The count-and-say sequence is the sequence of integers with the first five terms as following:
1. 1
2. 11
3. 21
4. 1211
5. 111221
1 is read off as "one 1" or 11.
11 is read off as "two 1s" or 21.
21 is read off as "one 2, then one 1" or 1211.
Given an integer n, generate the nth term of the count-and-say sequence.
Note: Each term of the sequence of integers will be represented as a string.
Example 1:
Input: 1
Output: "1"
Example 2:
Input: 4
Output: "1211"
/*题意:数前面一个数字有多少个重复的数字,计数到下一行。比如4的时候,计算 21, 有1个2,一个1,写下来就是 1211. 一次类推*/
class Solution {
public:
string countAndSay(int n) {
//1.从前到后计数,2.数字转string
string tmpstr="1";
string hstr;
string::iterator itBeg;
for (int hn=1; hn<n; ++hn)
{
hstr = tmpstr;
tmpstr.clear();
//遍历hstr, 计数,写到tmpstr
itBeg = hstr.begin();
char beforeCh = *itBeg;
++itBeg;
int cnt=1;
while(itBeg!=hstr.end()){
if (beforeCh==*itBeg){
++cnt;
++itBeg;
}
else{
//将cnt 和 beforeCh 写入tmpstr
string tmpcntstr;
while (cnt)
{
int tn = cnt%10;
tmpcntstr.push_back(tn+'0');
cnt /= 10;
}
for(int i=tmpcntstr.length()-1; i>=0; --i)
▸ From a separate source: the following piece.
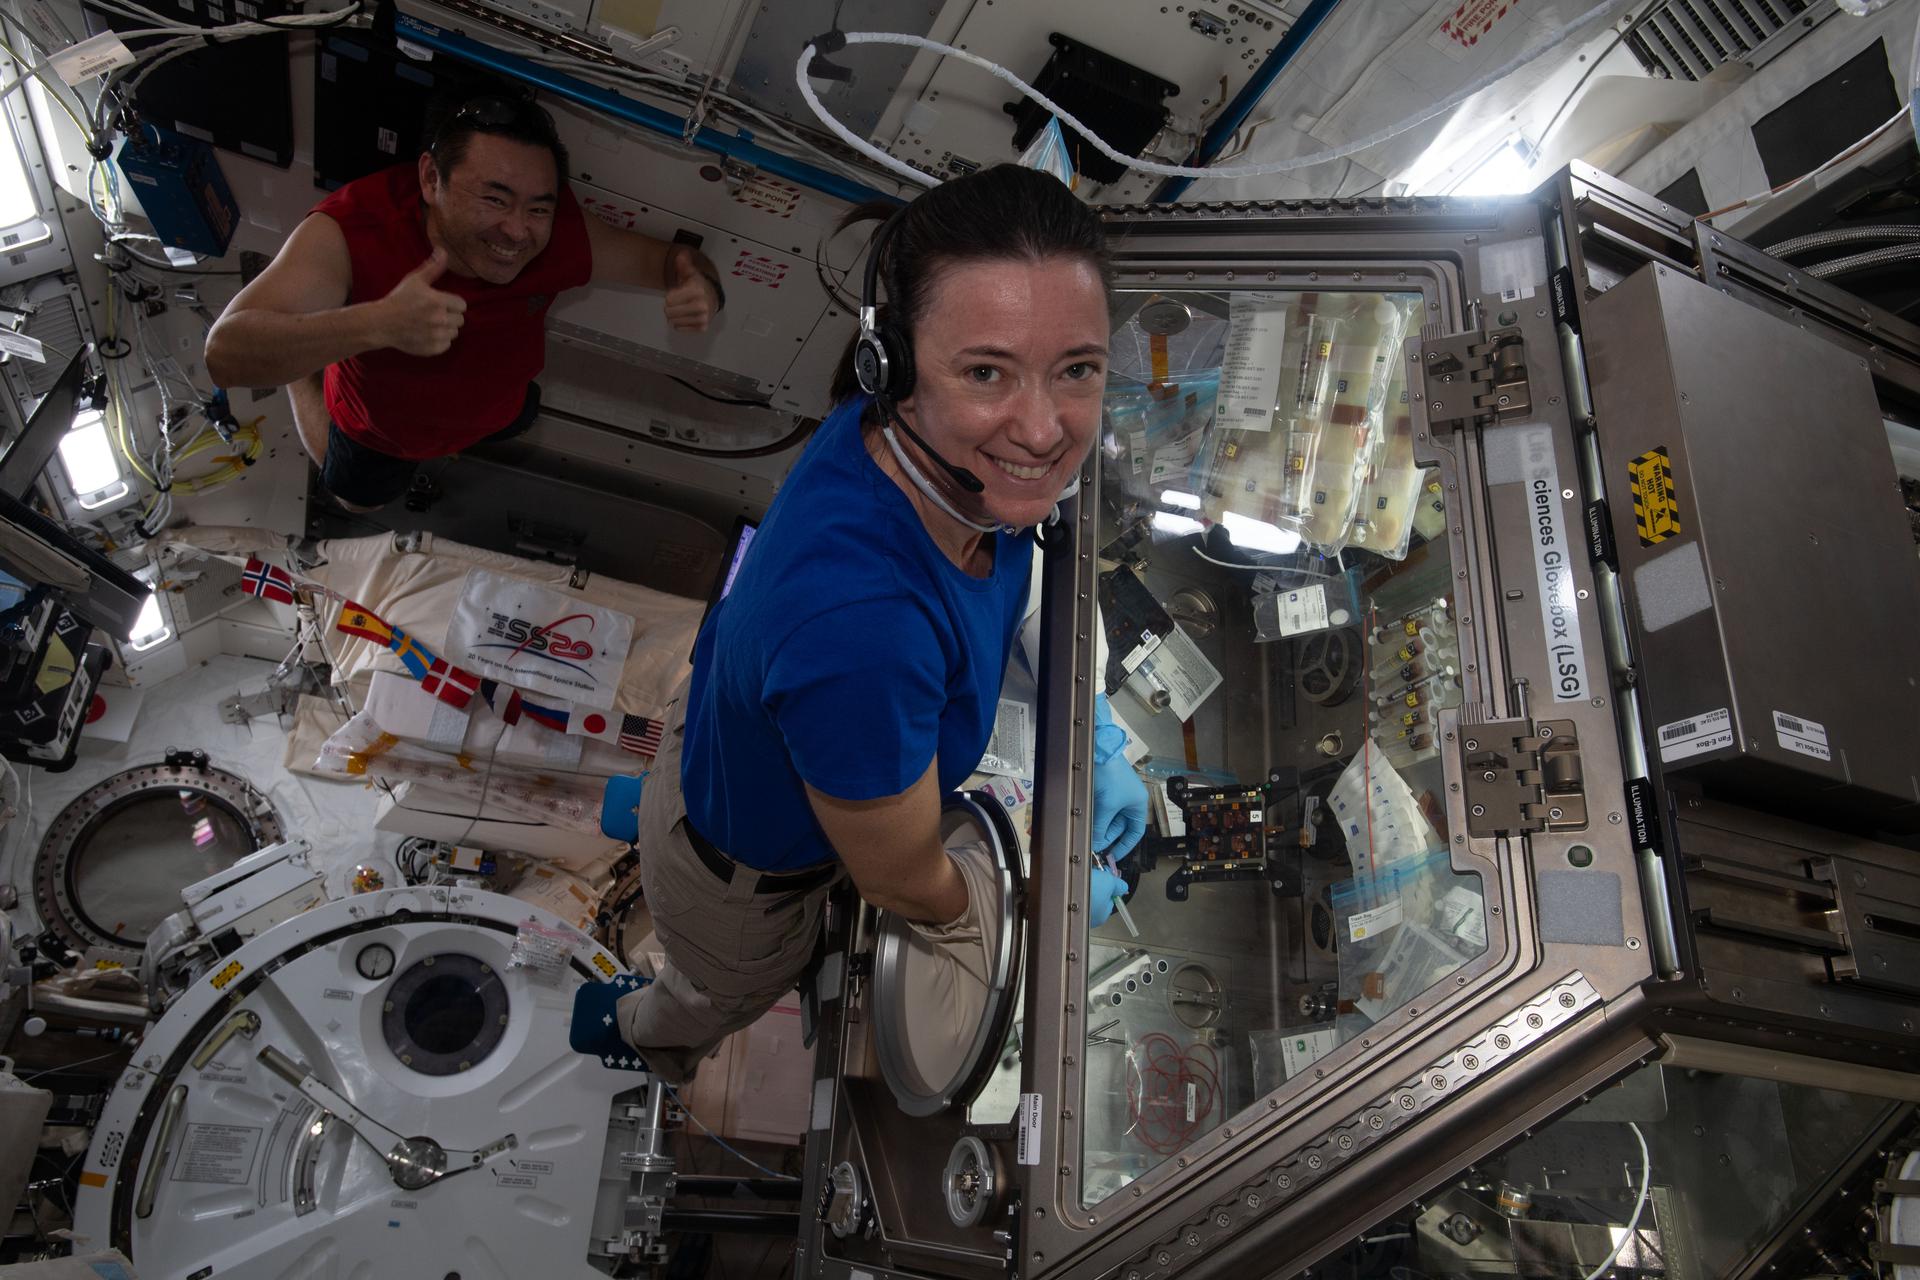 McArthur, in the foreground wearing a short-sleeved blue shirt, khaki pants, and a headset, has her arms inside a large, clear experiment box that has multiple sample bags attached to its side. Hoshide, wearing a red sleeveless shirt, is giving two thumbs-up in the background. There is a large, circular hatch between them and a storage bag with an “ISS 20” patch on it and a string of flags from international partners across it.
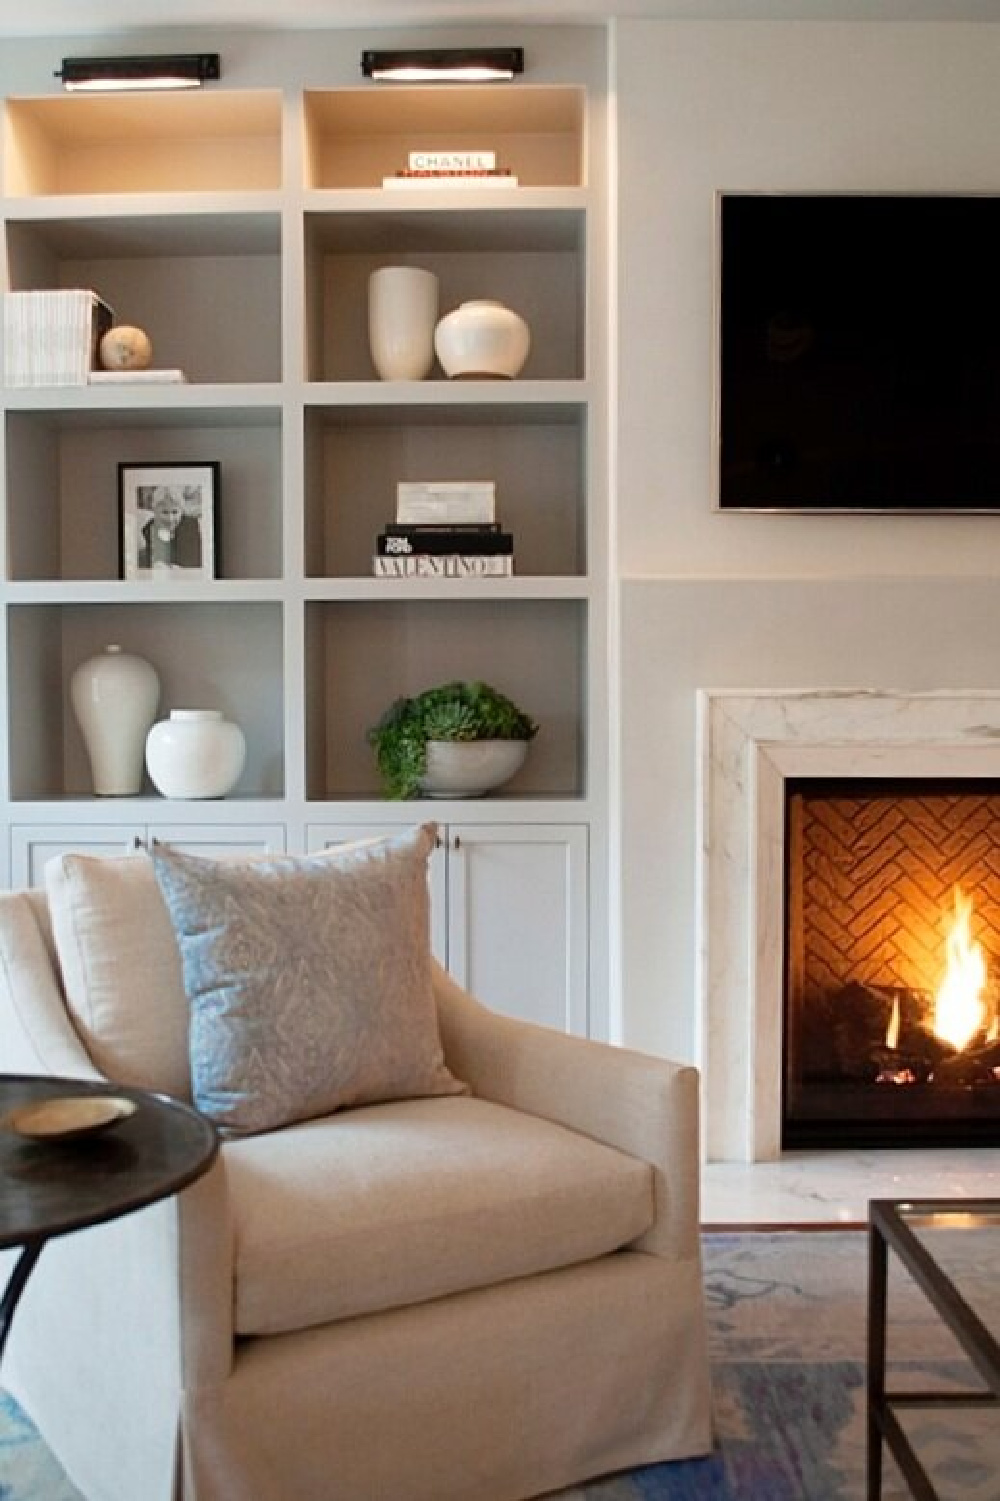 Jil Egan designed interior with built-ins and fireplace. #modernfrench

tmpstr.push_back(tmpcntstr[i]);
tmpstr.push_back(beforeCh);
beforeCh = *itBeg;
cnt = 1;
++itBeg;
}
}//end while
string tmpcntstr;
while (cnt)
{
int tn = cnt%10;
tmpcntstr.push_back(tn+'0');
cnt /= 10;
}
for(int i=tmpcntstr.length()-1; i>=0; --i)
tmpstr.push_back(tmpcntstr[i]);
tmpstr.push_back(beforeCh);
}//end for
return tmpstr;
}
};